◆ Dataset excerpt
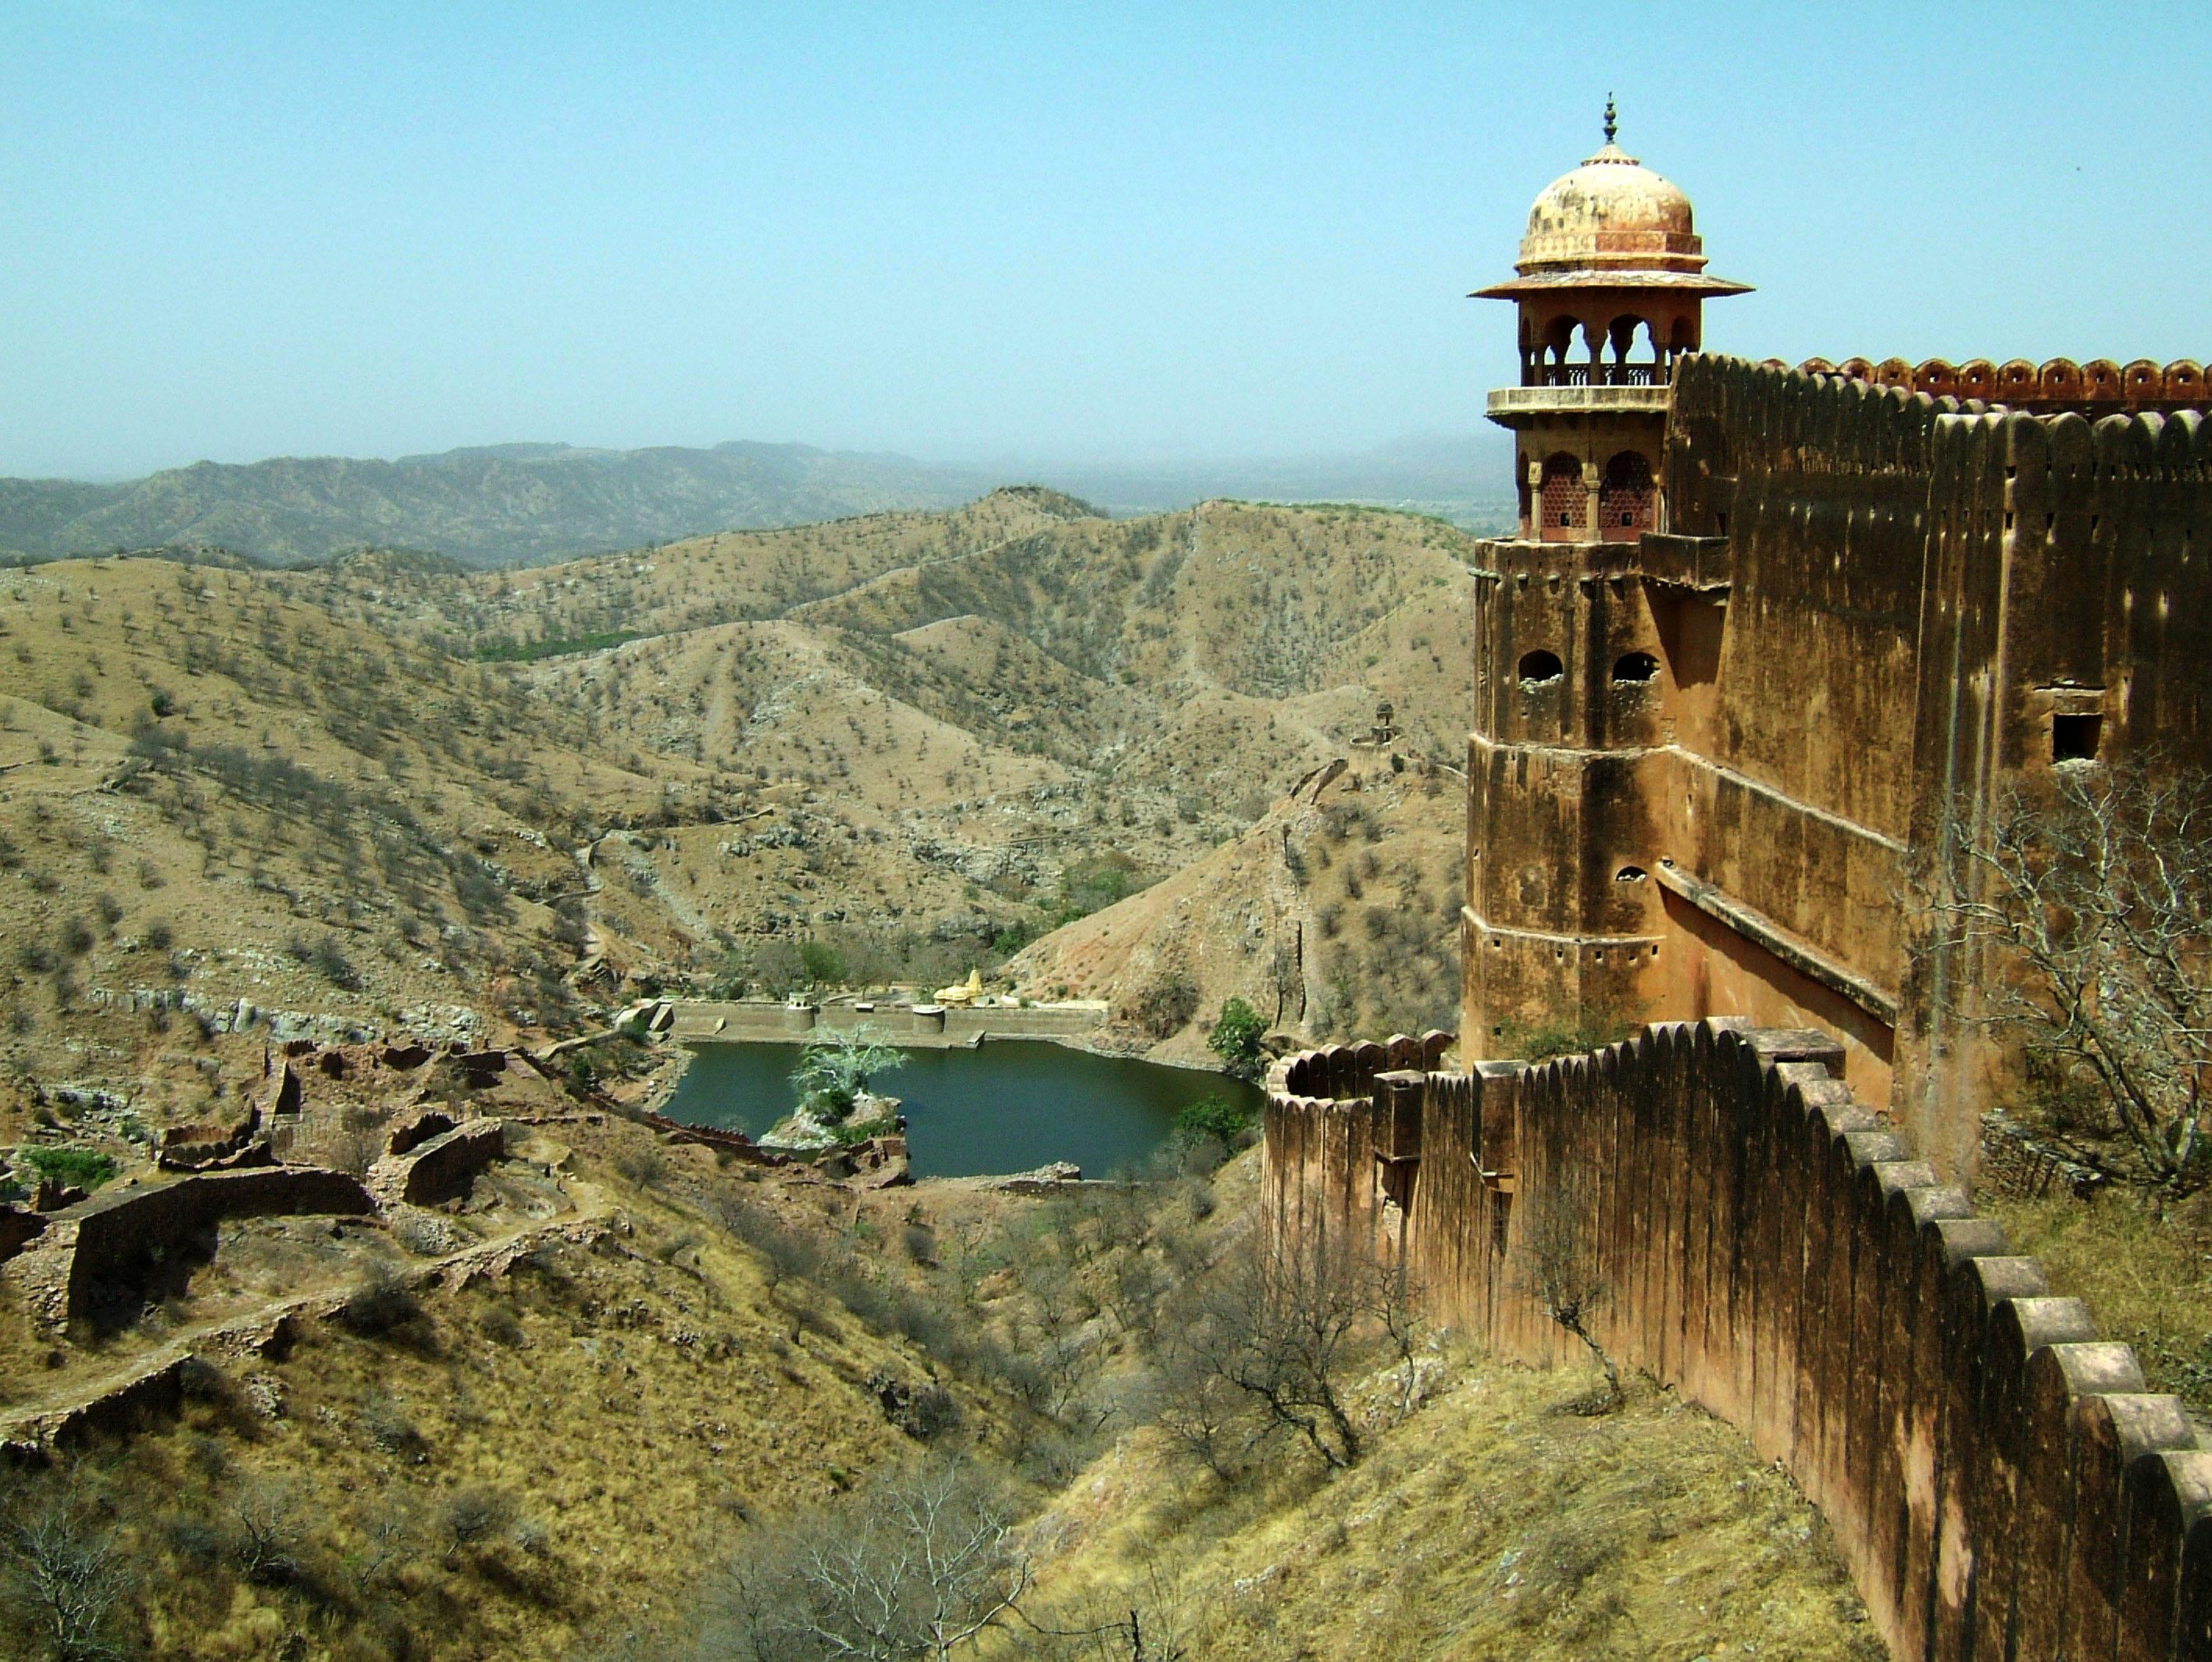 image of Jaigarh Fort
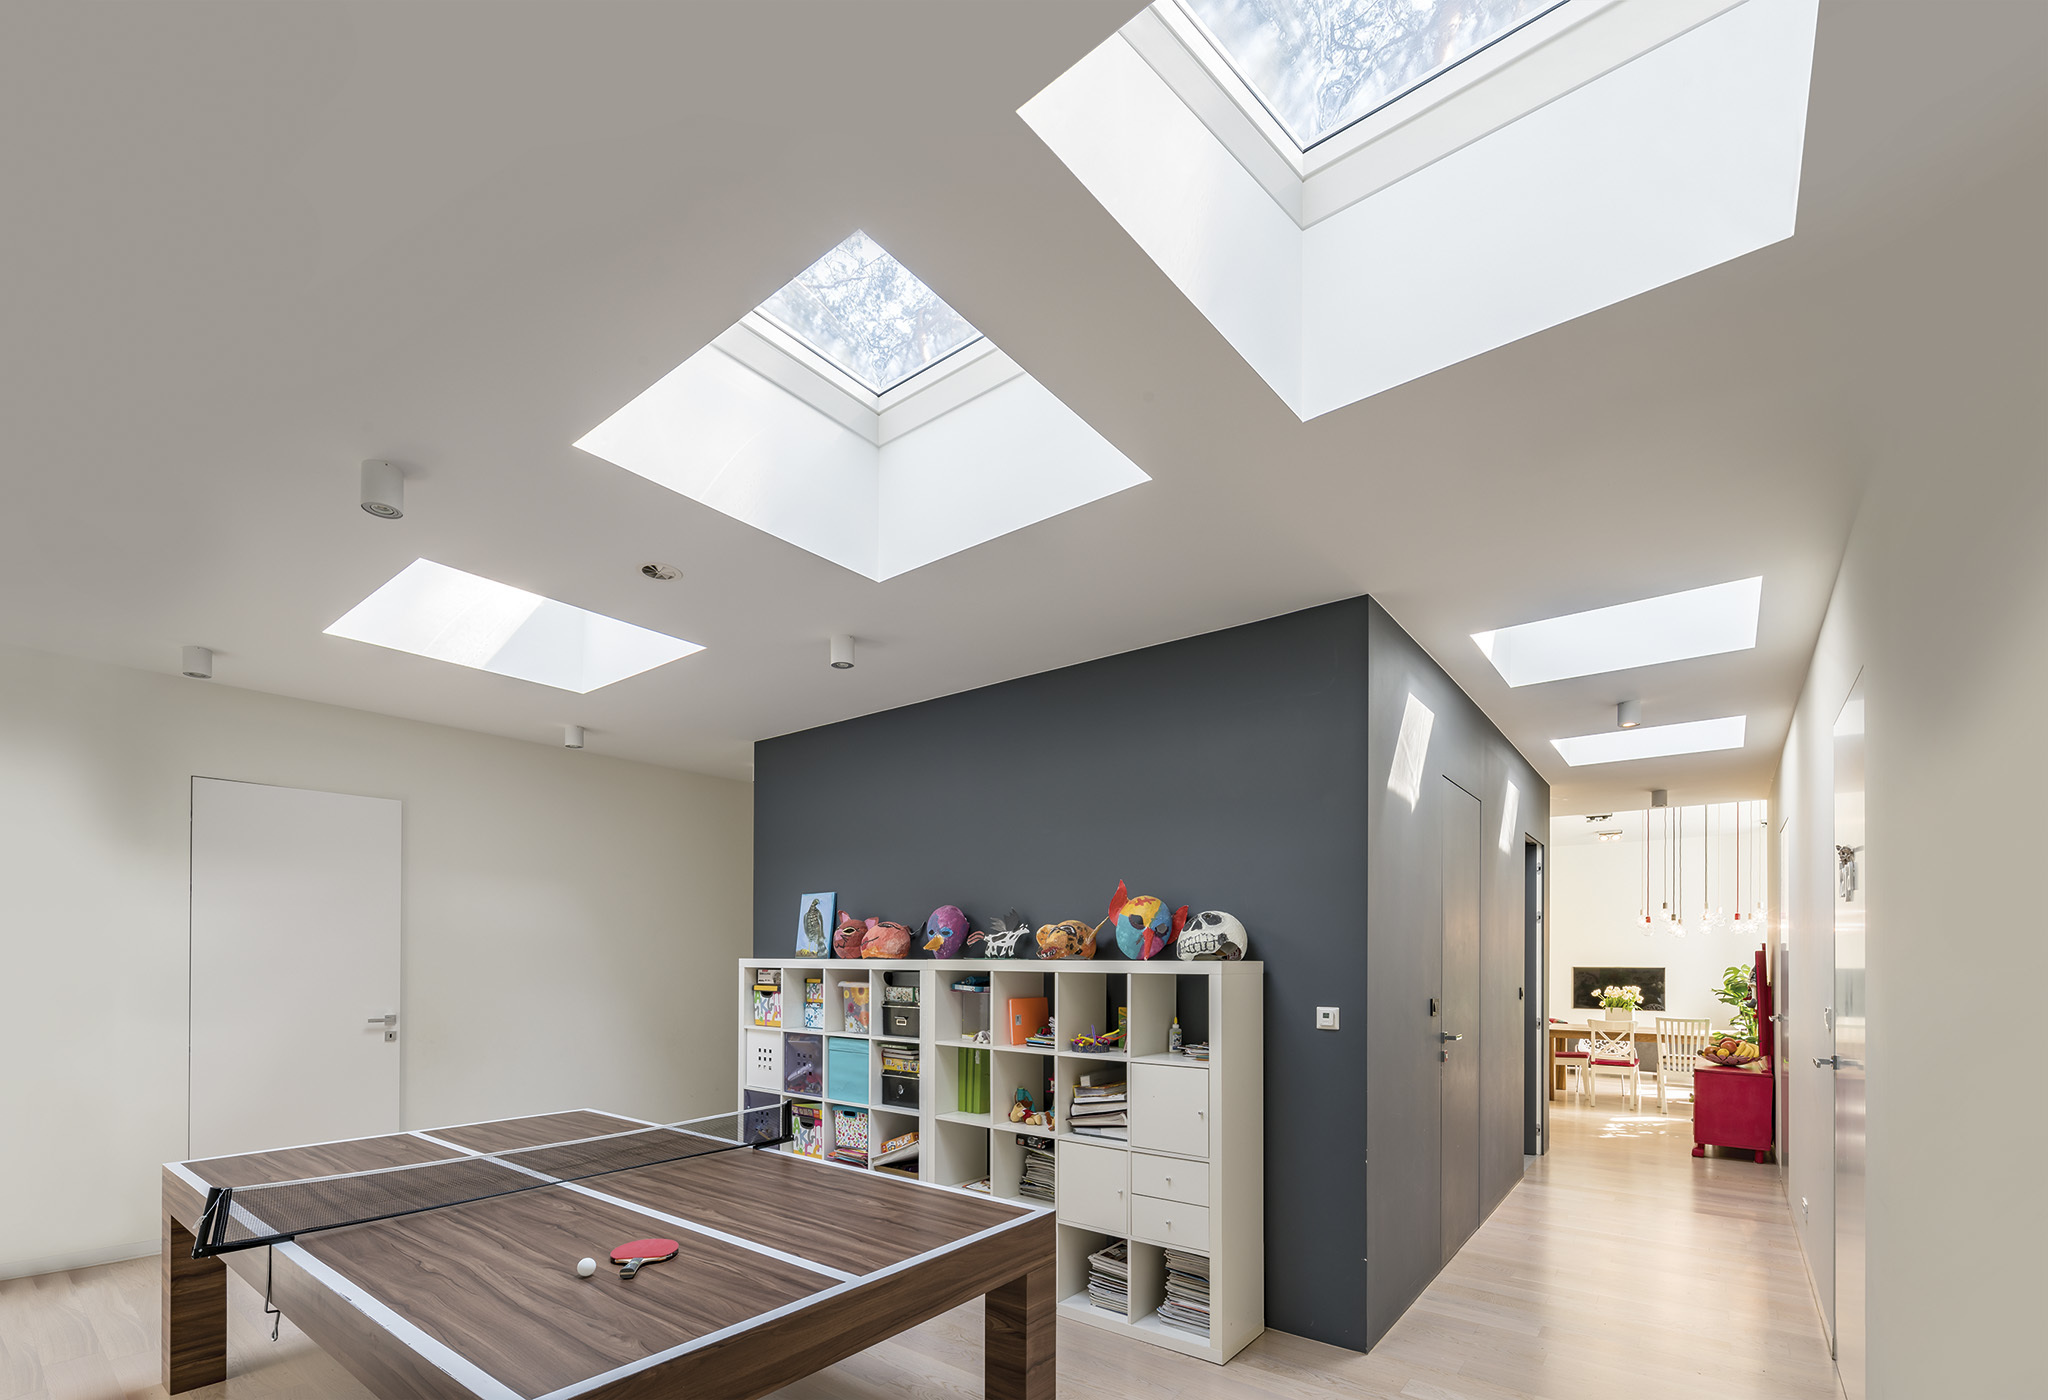 Flat roof window in playroom
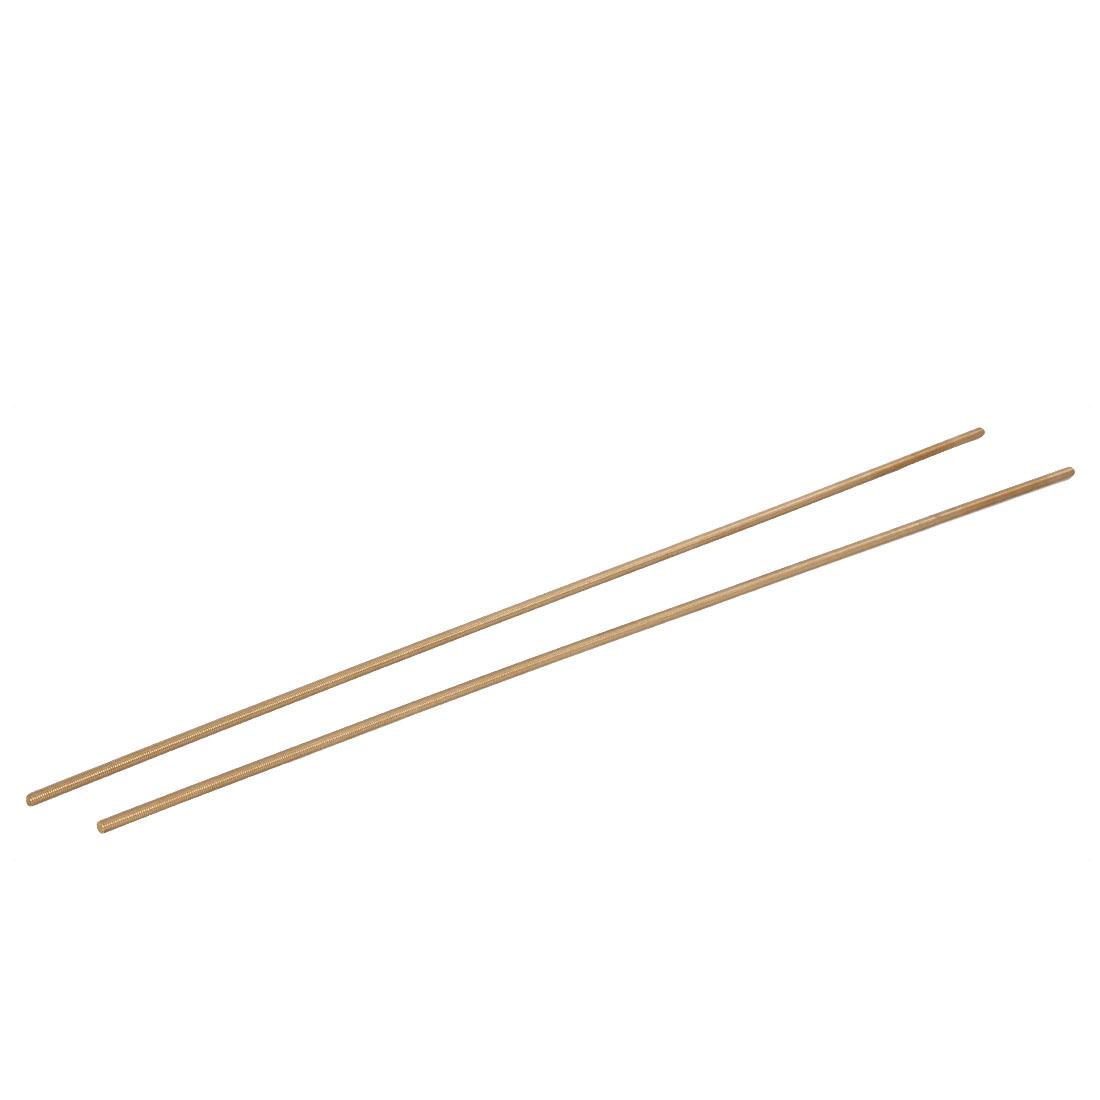 M5 x 500mm Male Threaded 0.8mm Pitch Full Thread Brass Rod Bars Hardware 2 Pcs

◆ Problem details
Retype the data above in full, exactly as it stands, and skip any image.

◆ Exercise result
 image of Jaigarh Fort
 Flat roof window in playroom
 M5 x 500mm Male Threaded 0.8mm Pitch Full Thread Brass Rod Bars Hardware 2 Pcs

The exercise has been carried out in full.